Step 5: Routing Stage 2....The Quickening!!

Sit the 4"X4" squares aside and grab the six bigger squares.  
*****WARNING!!!:  This next step involves putting your fingers really close to the chamfer bit.  If you are uncomfortable with this machine or this bit then I would suggest trying to find a shaper table capable of handling this size bit.********

Set the chamfer bit so that its bearing rides barely on the material.  I leave about 1/8 of an inch at the top of the cut.  Chamfer the inside of the 3-1/2" holes on all six of the squares.  Make sure to push the material AGAINST the direction of spin on the bit NOT with the spin.  

Step 6: Lets Get This Fire Started!! Assembly Step 1

Now that you are done with all of the drilling, routing and cutting congratulate yourself and take a deep breath because all of the dangerous stuff is over!  Grab all of your pieces and some wood glue.  Begin marrying the 4" squares with the back of the 5" squares.  Make sure the cross is centered on the front.  Repeat six times until you have six complete sides.  At this point I ran the combined pieces through the table saw to make sure the chamfer matched up perfectly.

Step 7: Assembly Step 2

Use your 5/8" Hair Pin nailer and glue and pin all six sides together.  Make sure to line up all of your seams and nail from both directions on the seam.  

****CAUTION: Hair pins have a tendency to bend when shot so keep your fingers clear lest you get bitten!****

Let the cube sit for 30 minutes so the glue can kick.  Once that's done come back and number the sides 1 through 6.  Believe me it will save you a headache later on in the process!

Step 8: Cutting Some More.

Now that your cube has been assembled it is time to begin finishing to make it look more like the loveable companion that you murdered so monster!!

Set the table saw to a measurement of 1-7/8" to the inside tooth.  Start with the blade very low and position the cube so that you are staring at side number 1.  Hold the cube against the fence and run it through.  Check the depth and repeat this process until there is very little material remaining at the bottom but DO NOT cut down to the interior cube.  Rotate the cube and repeat for all sides until your cube resembles the picture below.

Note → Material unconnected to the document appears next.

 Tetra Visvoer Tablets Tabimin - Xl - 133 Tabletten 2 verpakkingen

Step 9: More Cutting and This Is Where It Gets More Complicated.

Now that you have the middle parts cut out.  it is time to chamfer the outside corners so that it will begin to resemble a real Companion Cube.  Set your saw to a 45 degree angle and move the fence so that the outside of the blade lands in the groove you cut last step and thus not the center piece.  Position the cube so that side 1 is facing up and run the cube through like you did last step.  Once done it should resemble the picture.

Step 10: The Fun Step!!!

Thus we come to the point where I suggest that you have a moderate amount of skill with carpentry.  The process I use here is the same used to cut tenons in Mortise and tenon joinery.  It involves using the side of the saw blade to remove material and must be done carefully and in very small amounts at a time.  I suggest you wear a mask because you have to lean over the saw to see what you are doing.  The video will illustrate better.

Step 11: Chisel Time

The majority of the work on the cube is now done and it should be closer to resembling an actual companion cube.  The only problem left in front of you is a series of corners that need to be chamfered.  For this we use the chisel and hand chamfer them so that finally we end with the picture you see here.

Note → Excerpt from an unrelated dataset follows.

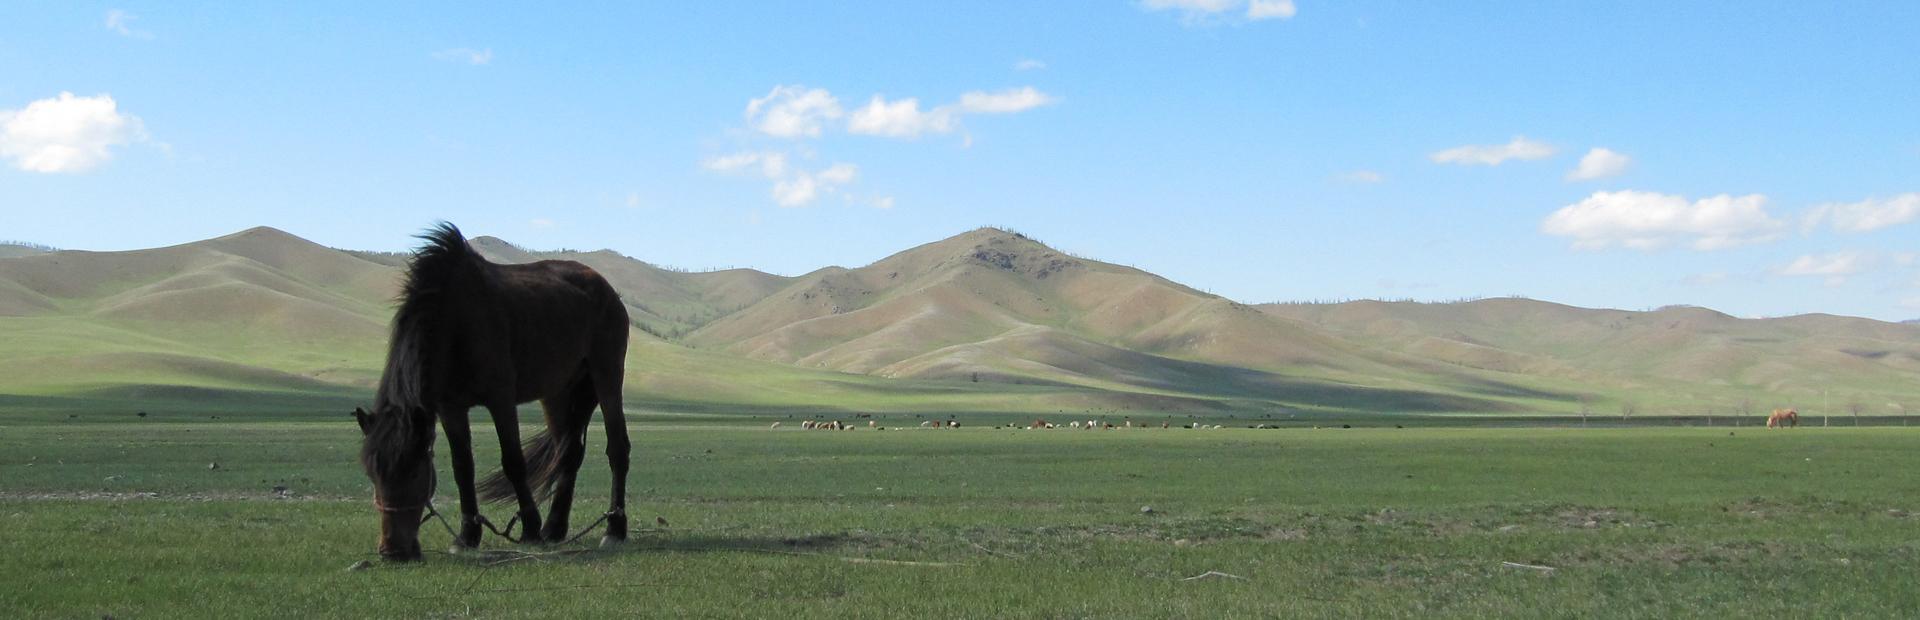 mongoliaslider

Step 12: Finishing Touches

Last but not least you need to revisit the drill press.  Use your 1" hole saw and the 1/4" piece of long scrap to cut six 1" inch circles that will be glued to the faces.  Make sure that the circles are centered on the lines on the interior of the cube.

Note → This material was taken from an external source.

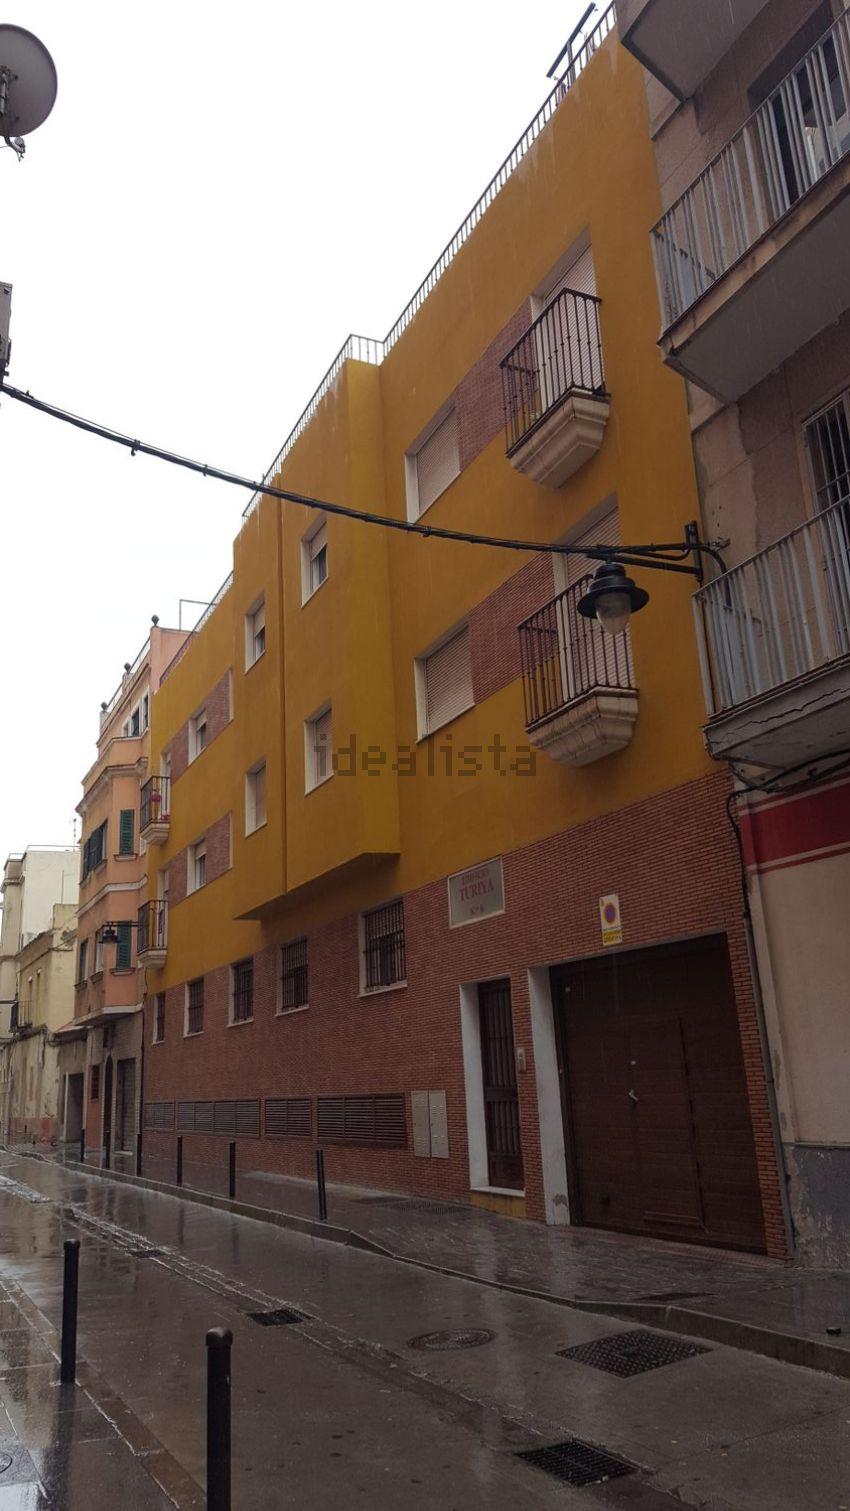 Piso en riera teniente, Casco Antiguo, Algeciras

Step 13: Aperture Science Weighted Companion Cube

Thats the construction of the cube.  All that is left is to prime the cube and paint the corners and middle sections light grey.  Then paint the interior section dark grey.  I used paint swatches from lowes to make the hearts and then just used spray adhesive to stick them on the circles.  I hope you enjoy your new friend and remember, no matter what it might say, the companion cube is your friend and would never stab you!!!